Dichiarazione di interesse culturale di archivi privati

La dichiarazione di interesse culturale di archivi privati, anche definita di interesse storico particolarmente importante, emessa ai sensi dell'art. 13 del d.lgs. 22 gen. 2004, n. 42, accerta la sussistenza delle caratteristiche di bene culturale (art. 10, c. 3) dell'archivio o dei singoli documenti appartenenti a privati (famiglie, persone, associazioni ed enti di natura privata, imprese, ecc.):

  • per autonoma iniziativa d’ufficio
  • su motivata richiesta della Regione e di ogni altro ente territoriale interessato
  • su segnalazione del privato proprietario, possessore o detentore del bene.

La Soprintendenza, con atto motivato, avvia il procedimento per la dichiarazione dell’interesse storico particolarmente importante dell'archivio o del documento, dandone contestualmente comunicazione al proprietario, possessore o detentore, il quale ha la possibilità, entro 80 giorni, di presentare alla Soprintendenza eventuali osservazioni o controdeduzioni. Durante tale periodo, i documenti sono comunque sottoposti, in via cautelare, alle norme di tutela previste dal d.lgs. n. 42/2004.

Trascorso il termine sopra indicato, viene emanato un provvedimento che dichiara l’interesse culturale dell’archivio o del documento, avverso il quale è ammesso il ricorso, per motivi di legittimità o di merito, entro 30 giorni dalla notifica. Sull’eventuale ricorso decide la Direzione Generale Archivi del Ministero per i  beni e le attività culturali e per il turismo (d.p.r. n. 233/2007, art. 9, c. 2, lett. s). È altresì possibile ricorrere in via giurisdizionale al Tribunale Amministrativo Regionale (TAR) che può intervenire, per i soli vizi di legittimità. Il ricorso giurisdizionale deve essere avviato entro 60 giorni dalla notifica dell'atto impugnato.

Con l’emanazione del provvedimento, l’archivio o il documento sono a tutti gli effetti dei beni culturali, definitivamente sottoposti alla disciplina del d.lgs. n. 42/2004.

La dichiarazione di interesse storico particolarmente importante impone al privato proprietario, possessore o detentore dell'archivio o del documento gli obblighi connessi al regime vincolistico previsto dal d.lgs. n. 42/2004 in materia di protezione, conservazione e circolazione dei beni culturali.

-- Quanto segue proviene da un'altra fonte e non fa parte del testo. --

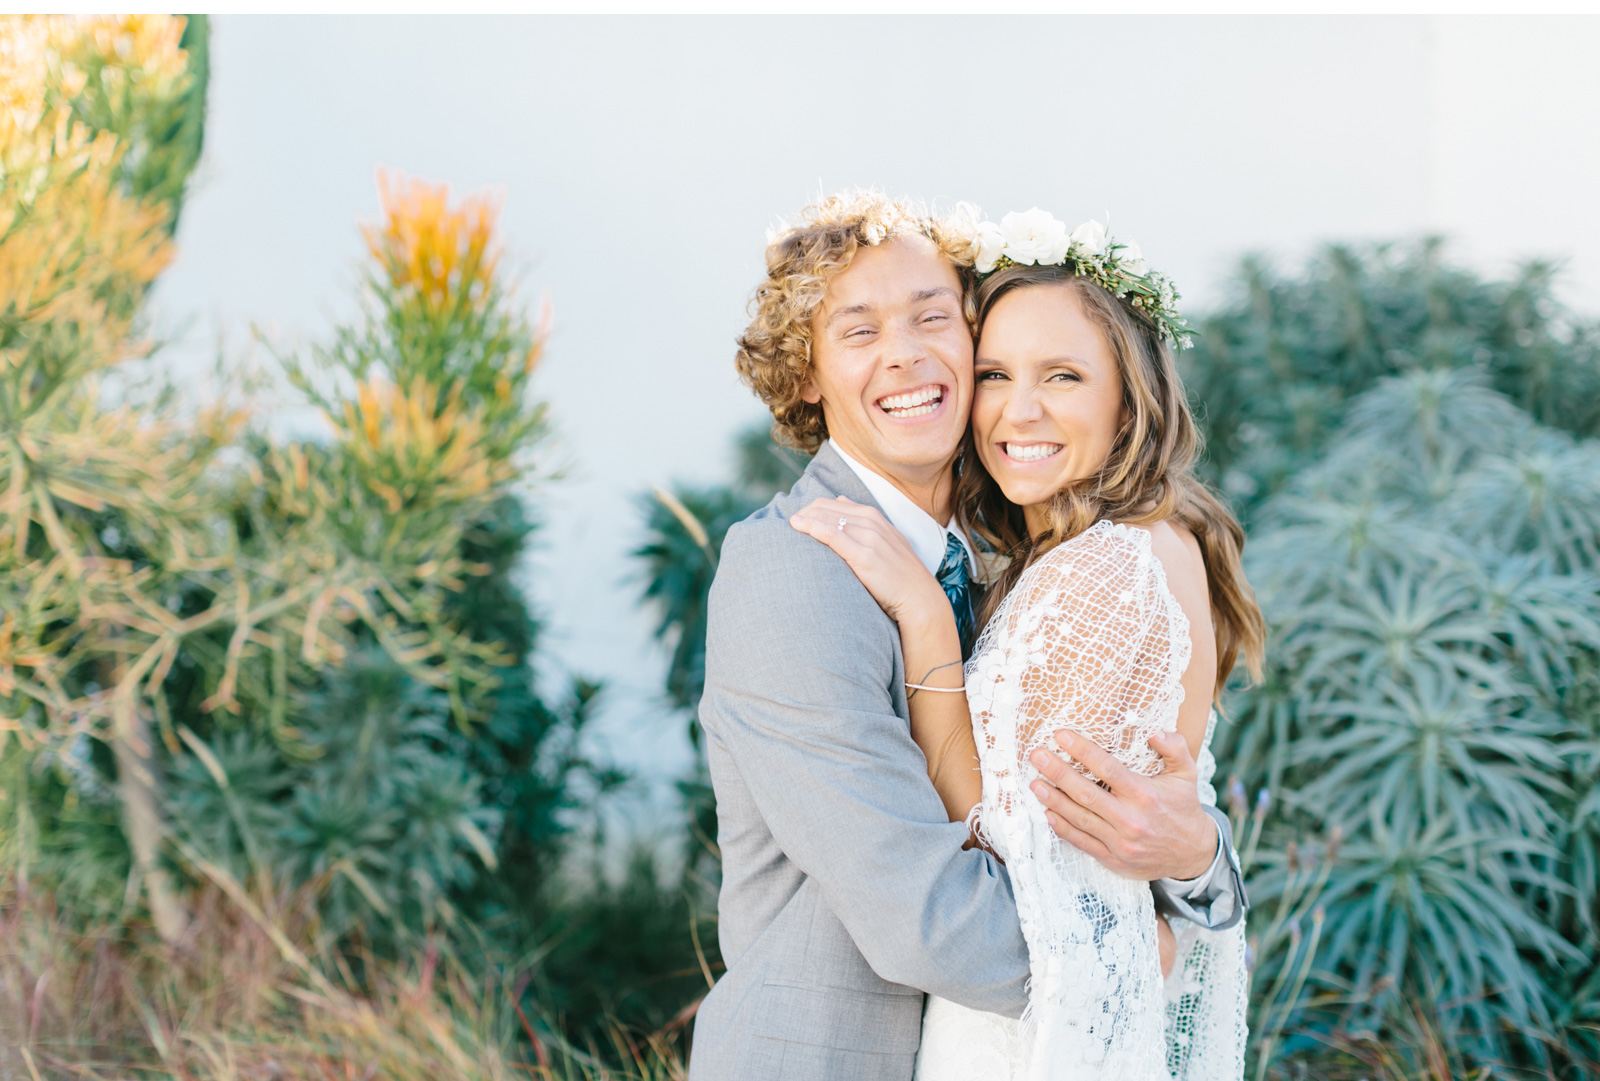 Best-First-Look-Wedding-San-Clemente-Natalie-Schutt-Photography_10.jpg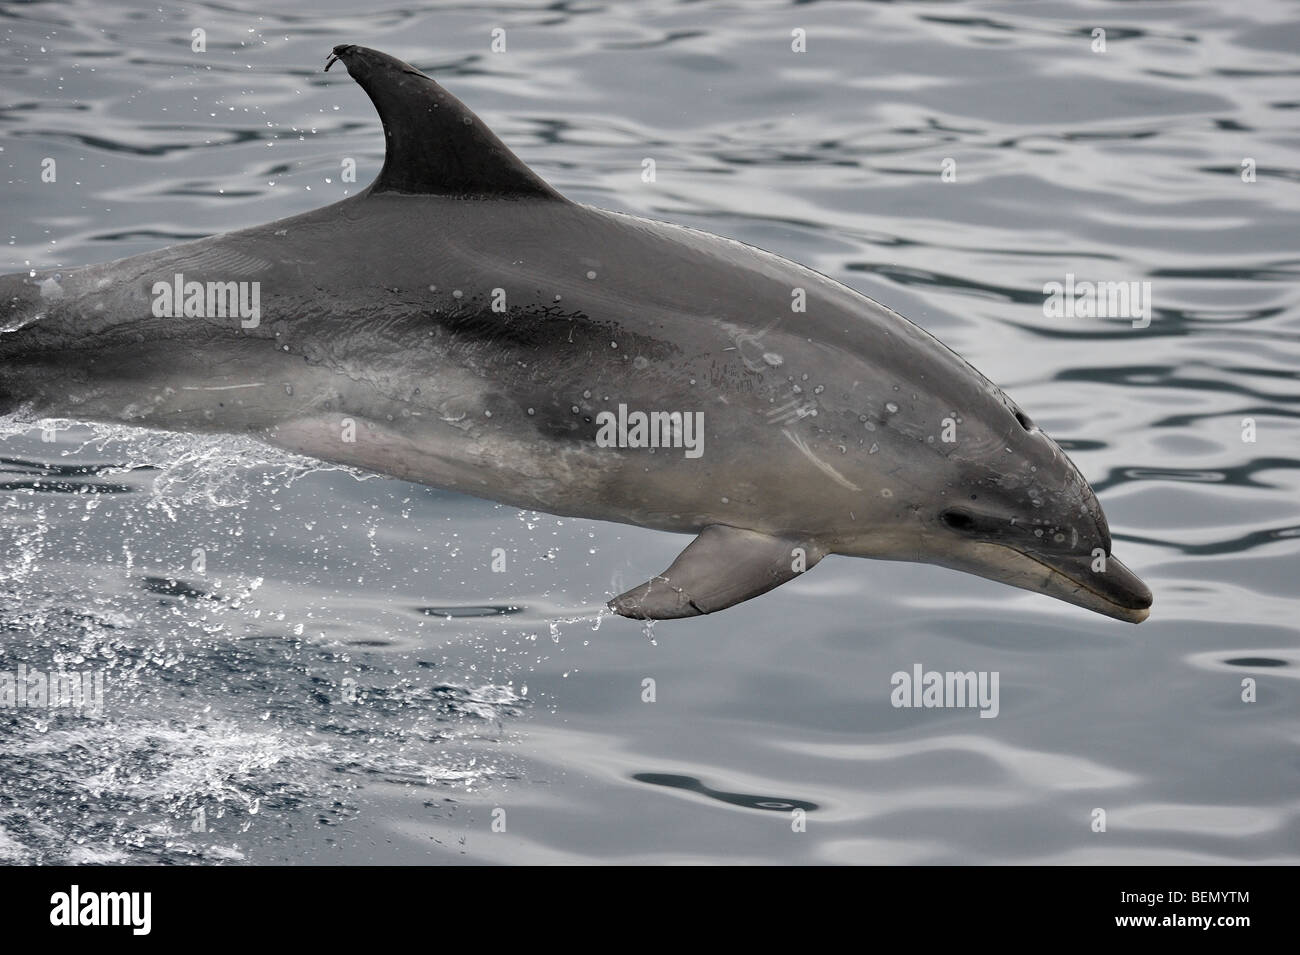 Común, Delfín mular Tursiops truncatus porpoising. Azores, el Océano Atlántico. Foto de stock

In particolare, il privato è tenuto a garantire la conservazione dell'archivio e a provvedere alla sua inventariazione (art. 30), inviando copia degli inventari e dei relativi aggiornamenti alla Soprintendenza.

Lo spostamento fisico, il trasferimento ad altre persone giuridiche nonché l'esecuzione di qualunque intervento sul bene culturale vincolato sono subordinati ad autorizzazione della Soprintendenza. Rientrano fra tali interventi il riordinamento e l'inventariazione dell’archivio, il restauro e la riproduzione fotografica o digitale dei documenti. Quando lo spostamento avviene in seguito al trasferimento di dimora o di sede del proprietario, possessore o detentore dell'archivio, deve essere denunciato preventivamente e il Soprintendente può prescrivere misure conservative a tutela del bene stesso (art. 21).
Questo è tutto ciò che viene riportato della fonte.